After the funeral, folks gathered at her house, and she and I slipped out back away from the din. I took a seat on the swing set and she joined me, swinging lazily back and forth, the creak of the chains offering little in the way of communication.
“I’m ready to go back to school,” I said.
“Really?”
“Yeah, I just want things to be normal again.” My sentiment produced a quiet laugh and I shrugged in response, but she was right. Nothing was ever going to be normal again no matter how much I wanted it to be.
“Maybe school will be good for us,” she said after a while.
“And maybe it’ll be a disaster,” I mumbled under my breath. The proverbial hourglass was emptying faster than I could account for and if I didn’t come up with a logical strategy, it wouldn’t matter anymore. I’d be just as dead as Julia and the rest of the town and the bloodline would finally be severed.
Lazarus approached from my yard and he took a seat on the end of the slide. He had been scarce since the confrontation with my mom earlier in the week and I didn’t know what he wanted with us now. He started to speak and then shut his mouth and studied the clouds in the sky. “I’m sorry for your loss,” he finally said, and glanced at Julia.
“Thanks,” she replied.
“Did you find out anything?” I asked.
He sighed. “I was able to convince a handful of reapers that the orders that Promethis gave them were bogus. They are still skittish about any sort of mutiny and wanted to know where Death was,” he said and met my gaze. “Do you know where he is?”
“He’s in Purgatory being guarded by Leviathan.”
His eyes widened and his complexion crossed from rosy-cheeked to pallid. “Leviathan?”
“Yup. That’s what killed Isabel.”
“Are you sure he’s still...intact?”
I loved the way he put that. Intact. As if the man wasn’t alive. “I’m here, aren’t I?”
“That doesn’t mean a thing.”
“Isabel said as long as he’s alive, I’m in danger.
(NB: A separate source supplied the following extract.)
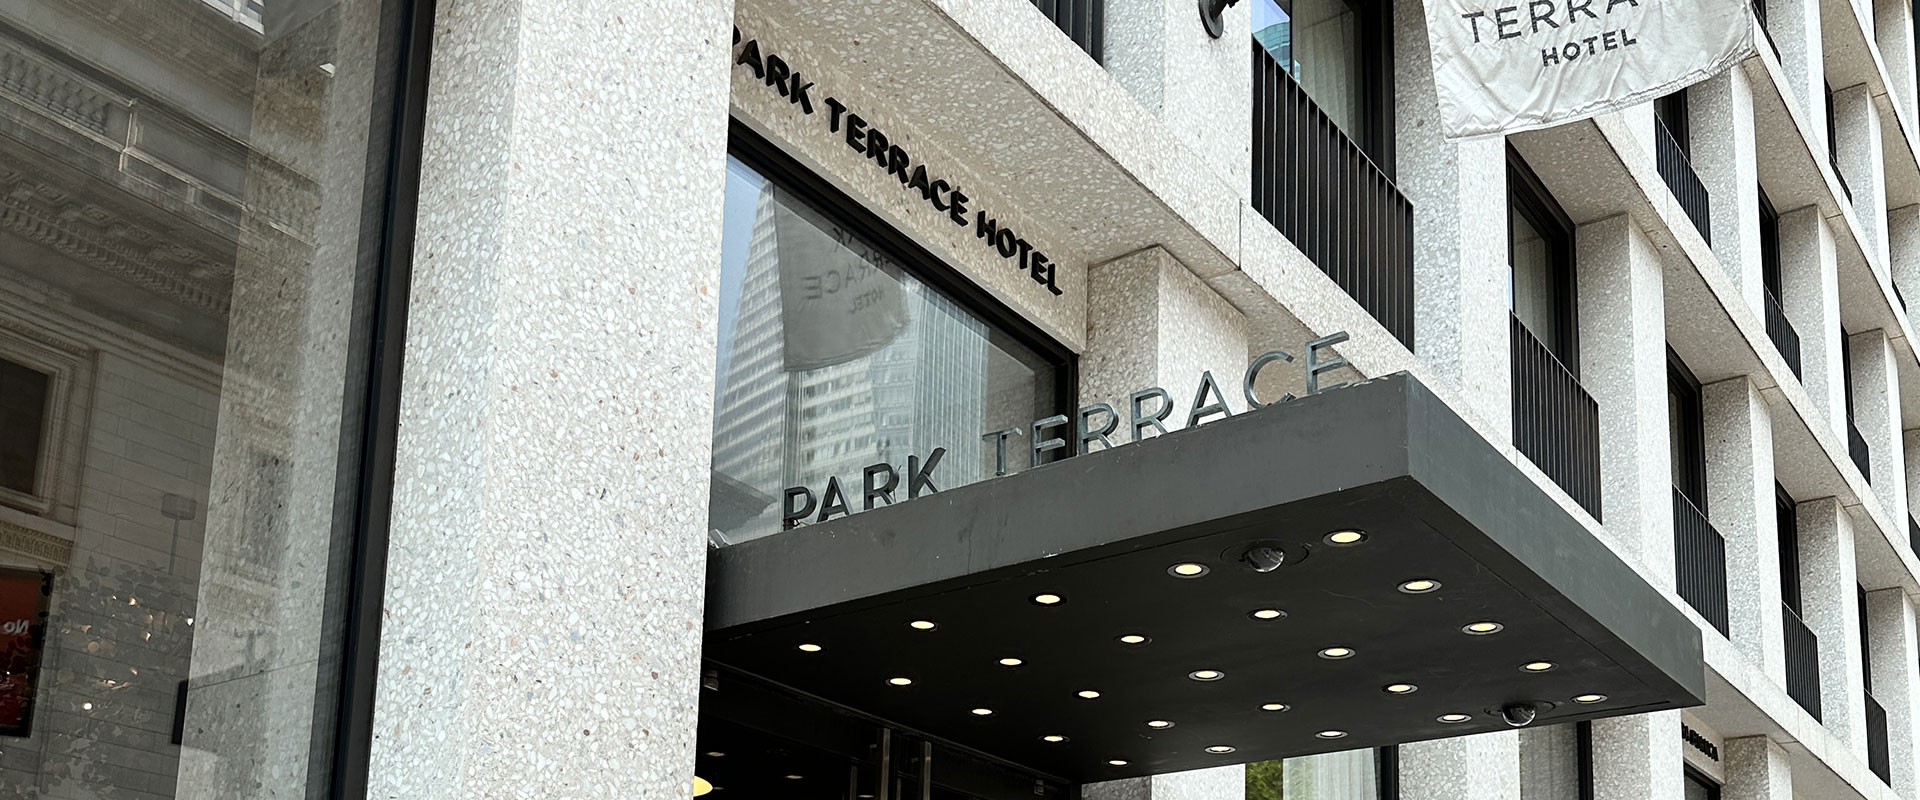 Park-Terrace-Hotel_4

If my father was dead, the job would default to me. I’d be Death if he was already dead. Is that wrong?”
Lazarus stared at the ground. “No, that’s not wrong,” he said.
He left it at that even though I sensed more. I didn’t push it because right now I was tapped out and any more bad news would darken my already gloomy mood. But the sun was shining and I needed some fresh air away from all this. “Want to skip out and go to the beach?” I said to Julia.
She glanced at her house and the debate was brief, she turned back to me with a nod and stood, ditching her dress shoes and leading the way through the path in her back yard. It wound between the houses, coming out near the high school and Long Sands road beyond.
The tide was out, leaving a considerable stretch of sand and we trotted down the stairs, heading across the grey pebbles to the hard packed sand and the swell of waves beyond. I left my shoes and socks at the edge of the rocks and relished the cool caress of the sand. I knew the water at this time of year was numbing, but I didn’t care, it reminded me that I was, indeed, alive.
Julia had more tolerance for the cold than I did and she stepped in to her calves, crossing her arms and shivering from the chill. I stayed in the shallow water, knowing if I ruined another pair of dress pants in the salty water, my mother would pitch a fit.
After a few minutes of watching her shoulders shake, I bent and rolled up my trousers, wading in next to her and ignoring the numbing sting. As I stepped beside her, she turned her tear stained face in my direction and a little piece of me died.
The pain in her eyes shot through me and all I could do was pull her into a warm hug, holding her through the onslaught of sobs. I couldn’t even tell her it would be okay because even if we made it through this weekend, the end of the school year loomed and beyond that was the great unknown.